I purchased my first train (Lionel Pennsylvania Flyer Freight RTR set) . The plan was initially to make a basic loop around the base of our Christmas tree. Now, I am interested in adding some track and a couple of lighted/moving accessories.

My first couple questions are 1. do I need a separate transformer for accessories? and 2. My set comes with Lionel Fastrack. Is the Fastrack limiting? Would it be better to switch to a different style of track?

Last question for now: I've seen video of trains running in reverse direction on HO scale track layouts, but not so much on O scale layouts and none with Fastrack. Is there a way to run a reverse loop on Fastrack and what equipment would be needed to do so if possible?

Any info is much appreciated. so thanks in advance for any feedback.


----------



## Big Ed (Jun 16, 2009)

Che said:


> Okay, please feel free to be brutally critical. I don't have the jargon to really talk about trains, so please bear with me.
> 
> I purchased my first train (Lionel Pennsylvania Flyer Freight RTR set) . The plan was initially to make a basic loop around the base of our Christmas tree. Now, I am interested in adding some track and a couple of lighted/moving accessories.
> 
> ...




What transformer do you have a CW80? If so you can run both with it and there is a way to set the voltage for the accessories.

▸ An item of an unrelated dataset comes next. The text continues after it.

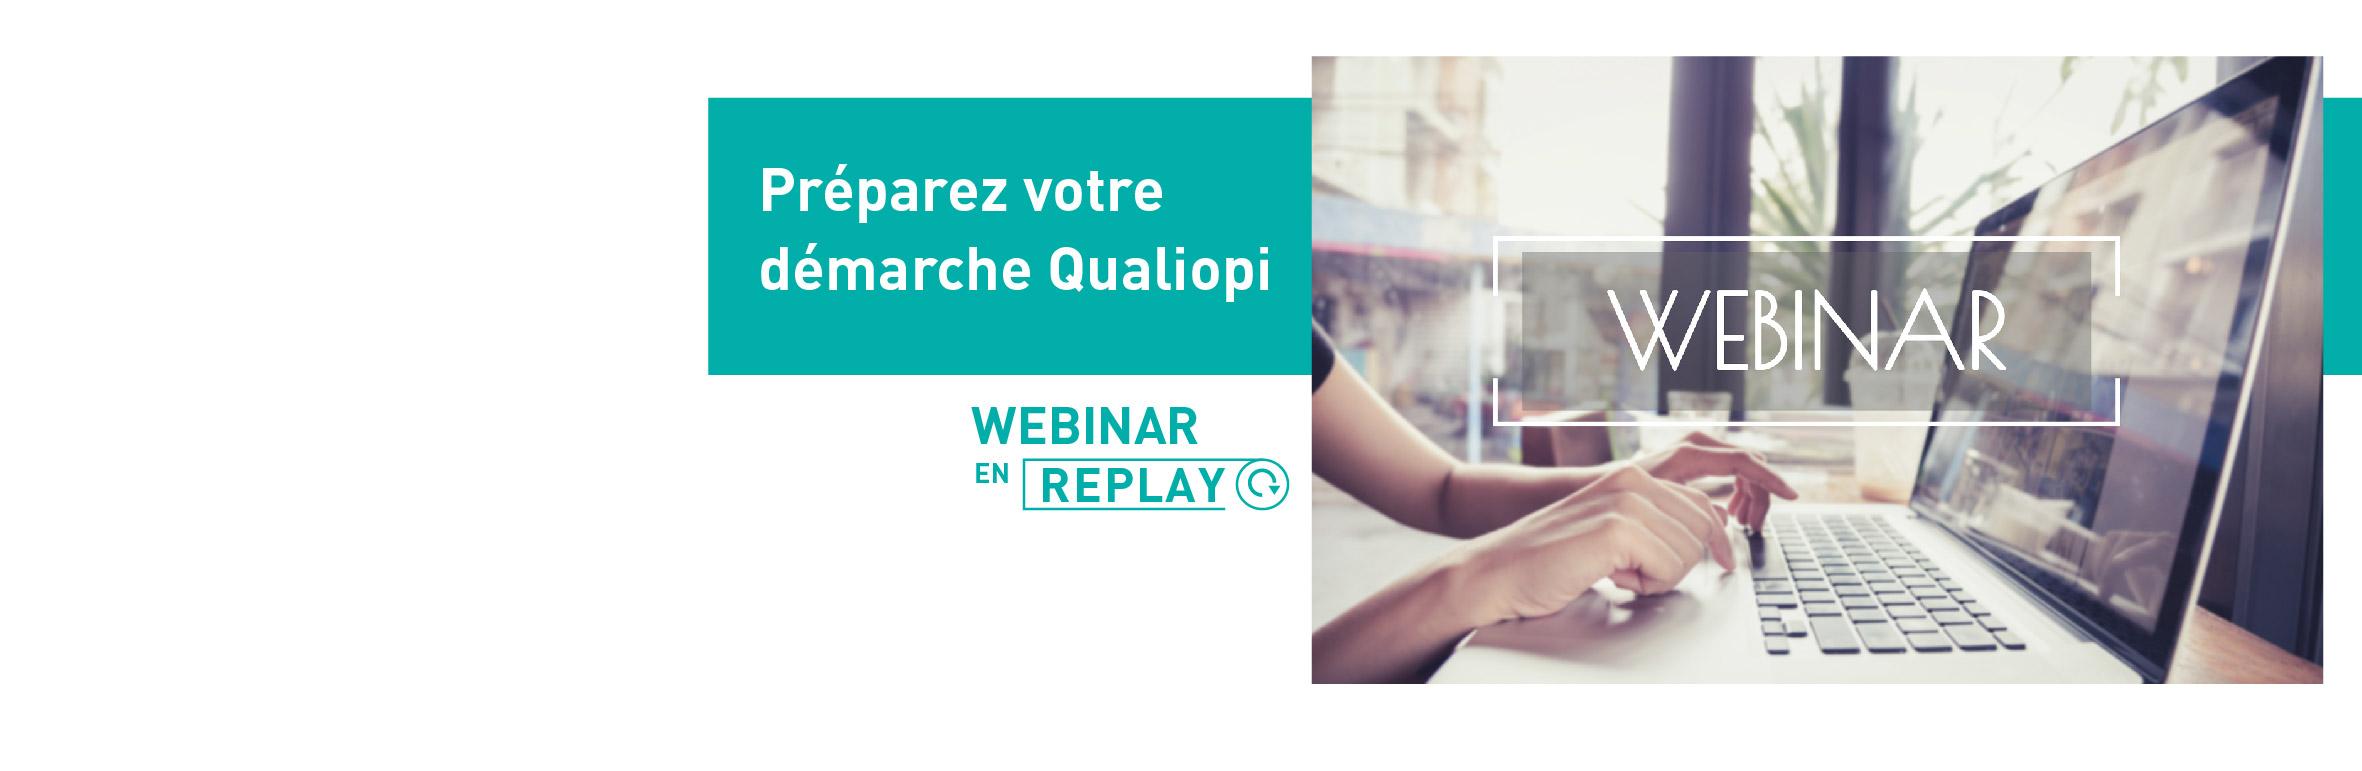 Replay webinar Qualiopi
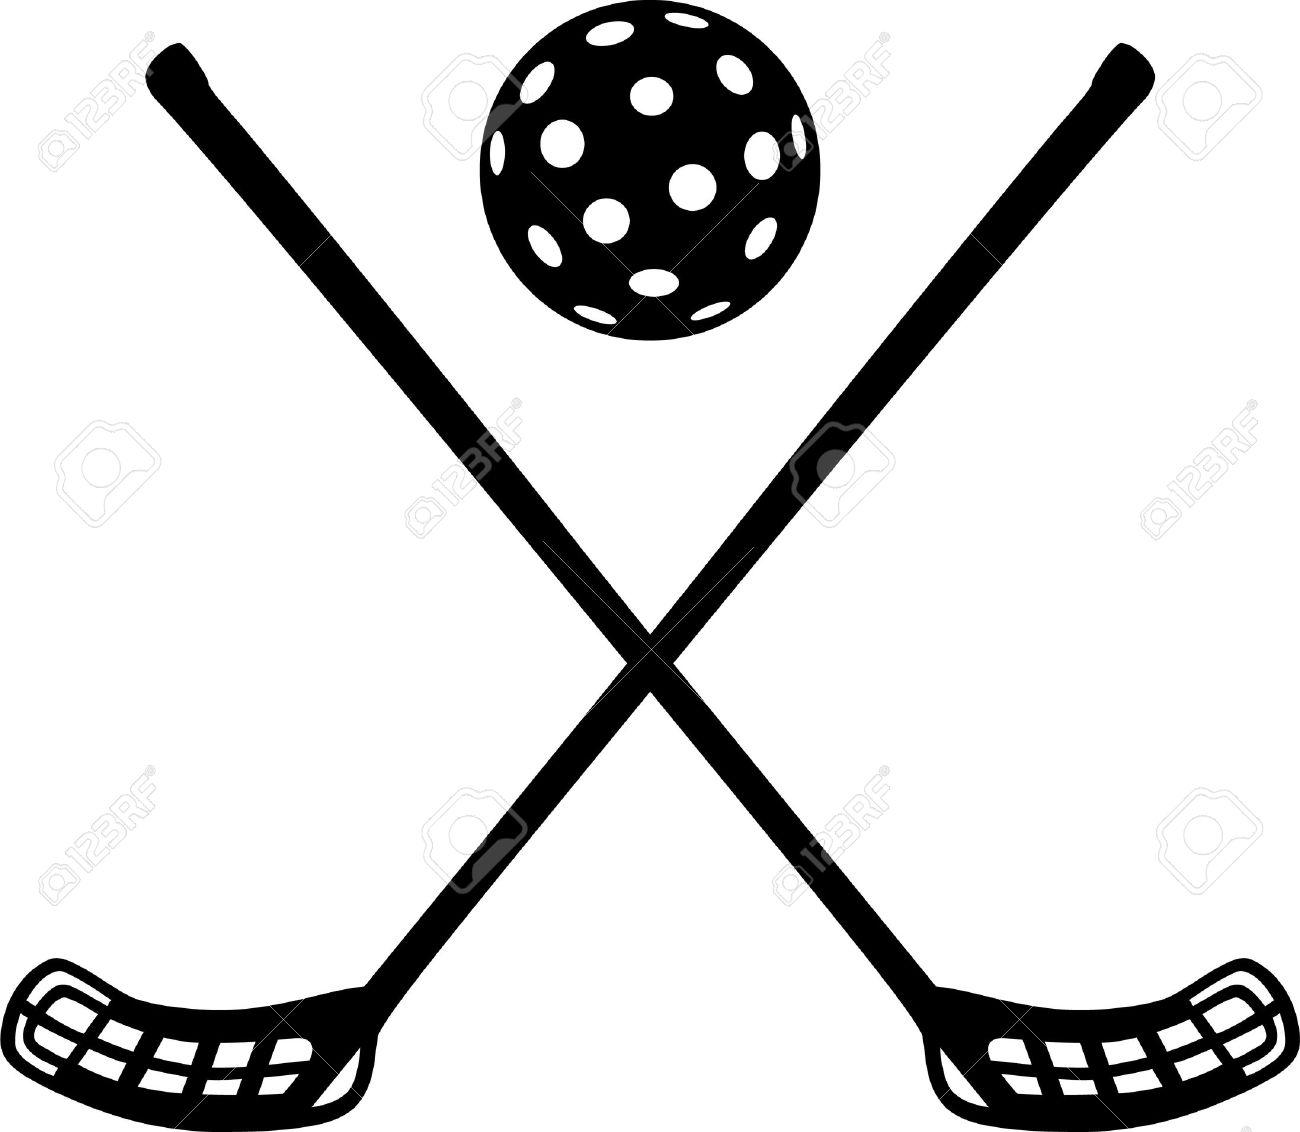 Floorball sticks with ball - 44786554

What do you mean by running in reverse? 
Just hit the reverse on the controller.

Or do you mean have one train running one way on one track and the other on another track?

I don't have fast track. I never fooled with it.


----------



## Che (Nov 23, 2011)

The transformer is the smaller underpowered 40W transformer. So it looks like I will need additional power for the accessories.

As far as running in reverse I meant a loop that turns back on itself and not driving backwards.


----------



## Big Ed (Jun 16, 2009)

Che said:


> The transformer is the smaller underpowered 40W transformer. So it looks like I will need additional power for the accessories.
> 
> As far as running in reverse I meant a loop that turns back on itself and not driving backwards.


Get another transformer for the trains and use the 40 for accessories.
The bigger transformer you can afford is better. More watts = more you can power.

Like I said I don't use fast track but you should be able to just by adding switches in the right place.

Check out my crummy video #4 
http://www.youtube.com/watch?v=RSG72ljq6To

I use tube track but as you can see I can make it go one way and reverse it by running through the appropriate switches.

Keep asking if you need to know, there are no stupid questions here.
We all "most" will try to help.


----------